I am trying to build a simple project with Spark+Cassandra for a SQL-analytics demo. I need to use Cassandra v2.0.14 (can't upgrade it for now). I am unable to find the correct version of Spark and Spark-cassandra-connector. I referred to Datastax's git project at - https://github.com/datastax/spark-cassandra-connector, and I know that the Spark and Spark-cassandra-connector versions need to match and be compatible with Cassandra. Hence, would like anyone to help pointing out the exact versions for Spark, Spark-Cassandra-connector. I tried using v1.1.0 and v1.2.1 for both Spark and Spark-Cassandra-connector - but unable to build the spark-cassandra-connector jat jar with neither the supplied sbt (fails because the downloaded sbt-launch jar just contains a 404 not found html), nor my local sbt v0.13.8 (fails for compilation error for "import sbtassembly.Plugin.", "import AssemblyKeys.")

2

2 Answers

0
votes

if you can upgrade version of spark then you can connect with spark with cassandra .

put following maven dependency in pom file :-

cassandra-all cassandra-core cassandra-mapping cassandra-thrift cassandra-client spark-cassandra-connector spark-cassandra-connector-java

this will be work.

0
votes

The connector works with Cassandra 2.0 and 2.1 but some features may also work fine with 2.2 and 3.0 (not officially supported yet) using the older Java driver 2.1. This is because C* Java driver supports a wide range of Cassandra versions. The newer driver works with older C* versions, but also the older driver versions work with newer C* versions, excluding new C* features.

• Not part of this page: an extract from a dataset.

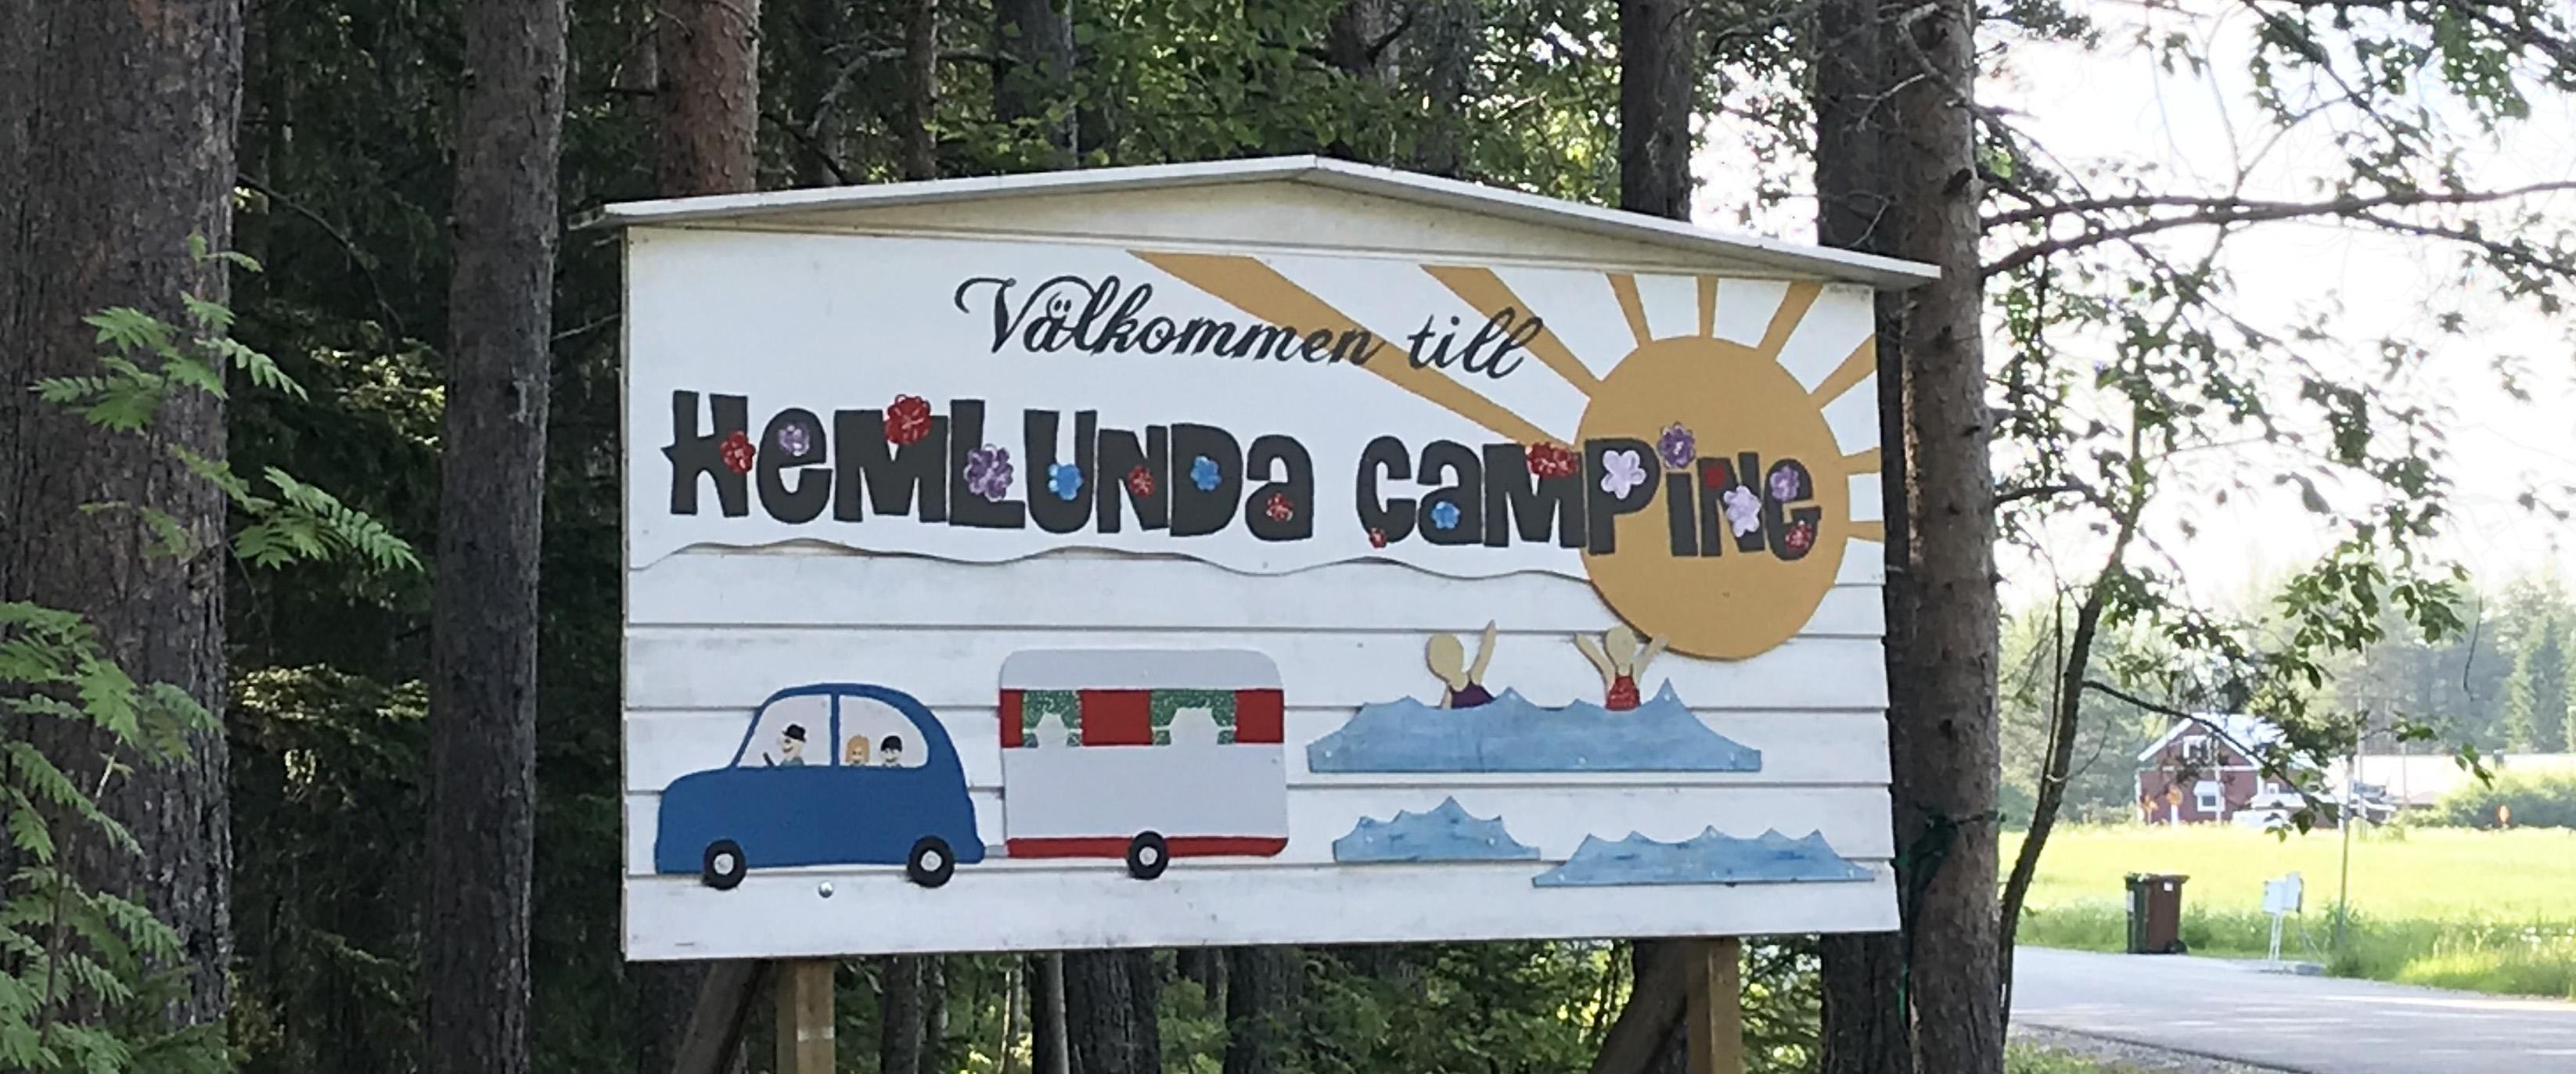 Hemlunda Camping

However, there is a one minor caveat with using C* 2.0: Since version 1.3.0, we dropped the thrift client from the connector. This move was to simplify connectivity code and make it easier to debug - debugging one type of connection should be easier than two. It either connects or not, no more surprises of a kind "it writes fine, but can't connect for reading". Unfortunately, not all of the thrift functionality was exposed by the native protocol in C* 2.0 nor in the system tables. Therefore, if you use C* prior to version 2.1.5, automatic split sizing won't work properly and you have to tell the connector the preferred number of splits. This is to be set in ReadConf object passed at the creation of the RDD.

As for the interface between the Connector and Spark, there is much less freedom. Spark APIs change quite often and you typically need a connector dedicated to the Spark version you use. See the version table in the README.

(fails because the downloaded sbt-launch jar just contains a 404 not found html)

This looks like an SBT problem, not a connector problem. I just tried to do sbt clean assembly on all v1.2.5, v1.3.0, b1.4 and it worked fine.